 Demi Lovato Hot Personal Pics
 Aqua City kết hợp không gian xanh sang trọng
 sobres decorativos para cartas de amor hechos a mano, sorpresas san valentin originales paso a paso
* * *
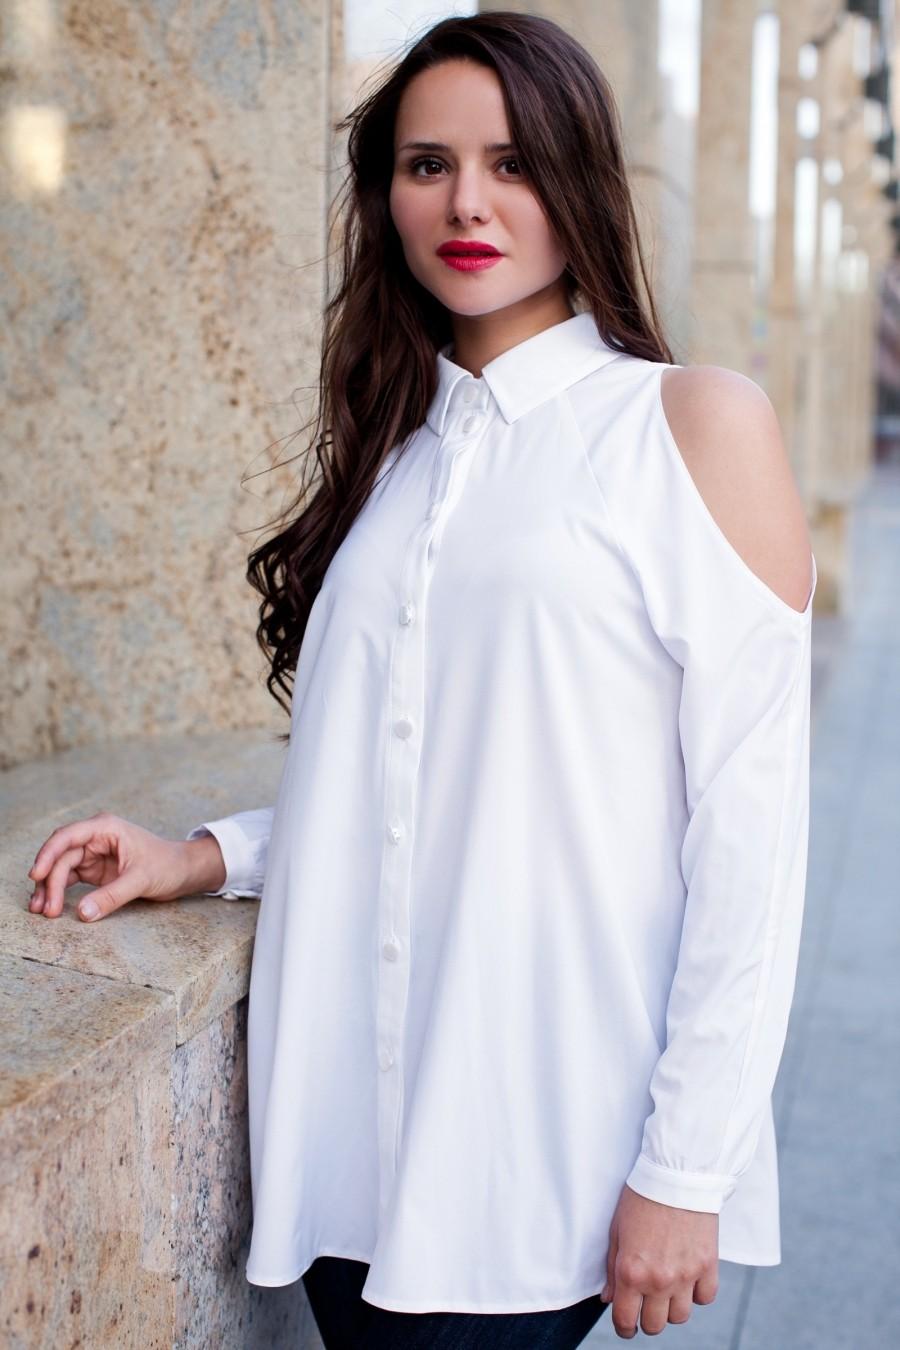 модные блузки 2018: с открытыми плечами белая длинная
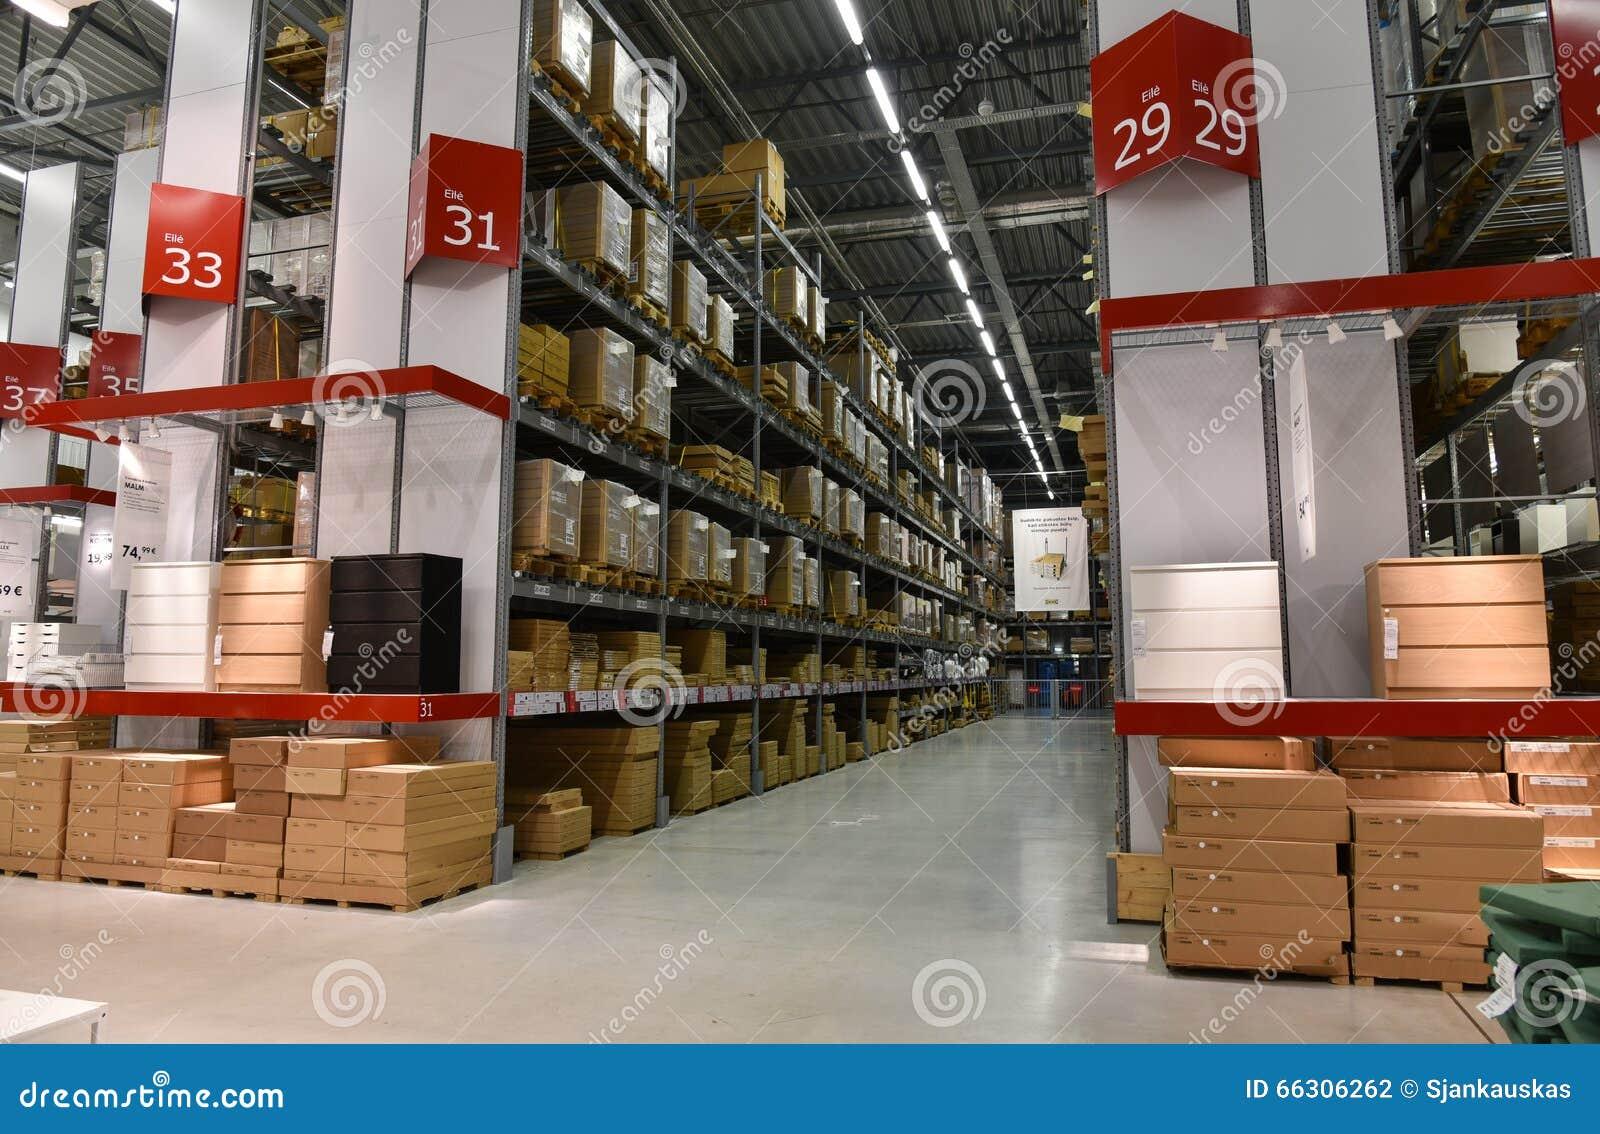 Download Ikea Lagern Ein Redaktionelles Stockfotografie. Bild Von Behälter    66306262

Work item:
Would you copy, unchanged, the stretch of the records above that begins at the line containing "Aqua City kết hợp không gian xanh sang trọng" and ends at the line containing "sobres decorativos para", and only that?

Result for this task:
 Aqua City kết hợp không gian xanh sang trọng
 sobres decorativos para cartas de amor hechos a mano, sorpresas san valentin originales paso a paso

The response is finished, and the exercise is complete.